This article was accepted for publication as part of eLife's original publishing model.

History

Version of Record published October 25, 2019
Accepted Manuscript published October 22, 2019
Accepted October 15, 2019
Received April 10, 2019

Decision letter

Ben Cooper

Reviewing Editor; Mahidol Oxford Tropical Medicine Research Unit, Thailand
Neil M Ferguson

Senior Editor; Imperial College London, United Kingdom
Ben Cooper

Reviewer; Mahidol Oxford Tropical Medicine Research Unit, Thailand
Nick Ruktanonchai

Reviewer

In the interests of transparency, eLife includes the editorial decision letter and accompanying author responses. A lightly edited version of the letter sent to the authors after peer review is shown, indicating the most substantive concerns; minor comments are not usually included.

Thank you for submitting your article "Local human movement patterns and land use impact exposure to zoonotic malaria in Malaysian Borneo" for consideration by eLife. Your article has been reviewed by three peer reviewers, including Ben Cooper as the Reviewing Editor and Reviewer #1, and the evaluation has been overseen by Neil Ferguson as the Senior Editor. The following individual involved in review of your submission has agreed to reveal their identity: Nick Ruktanonchai (Reviewer #3).
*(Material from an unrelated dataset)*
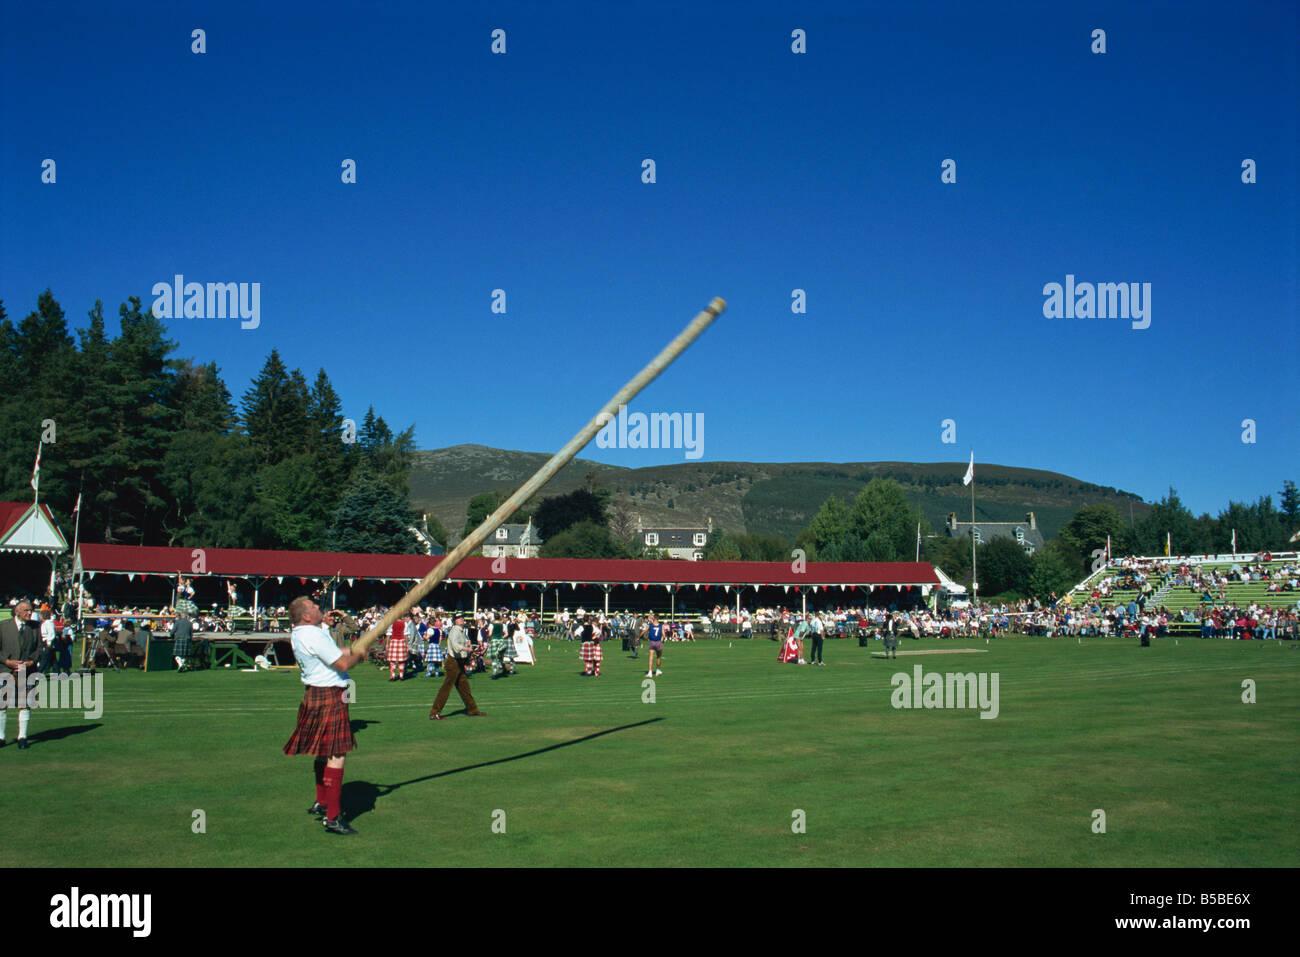 Royal Highland Games, Braemar, Grampian, Scotland, Europe - Stock Image

The reviewers have discussed the reviews with one another and the Reviewing Editor has drafted this decision to help you prepare a revised submission.

Summary:

This study builds on previous work establishing environmental risk factors for human infections with the zoonotic malaria Plasmodium knowlesi and uses human movement data obtained by GPS tracking, spatiotemporal models of mosquito distribution, and spatial land use data to provide a new perspective on P. knowlesi transmission. The analysis predicts that more than 90% of infectious bites will occur in areas surrounding households at forest edges.

Essential revisions:

The reviewers were agreed that this work potentially represents a significant advance to the P. knowlesi literature. However, there were concerns that some aspects of the work were not clearly motivated, and considerable attention to both the Materials and methods and Results is needed to ensure the work is clearly described, accessible to a broad audience and repeatable. Specifically, the following three points were considered essential revisions:

1) Provide a null model for comparison to illustrate added value of data.

Also, clarify the value of the BRB model over simpler approaches such as kernel smoothing or linear interpolation.

2) Fully describe the results about different land use patterns.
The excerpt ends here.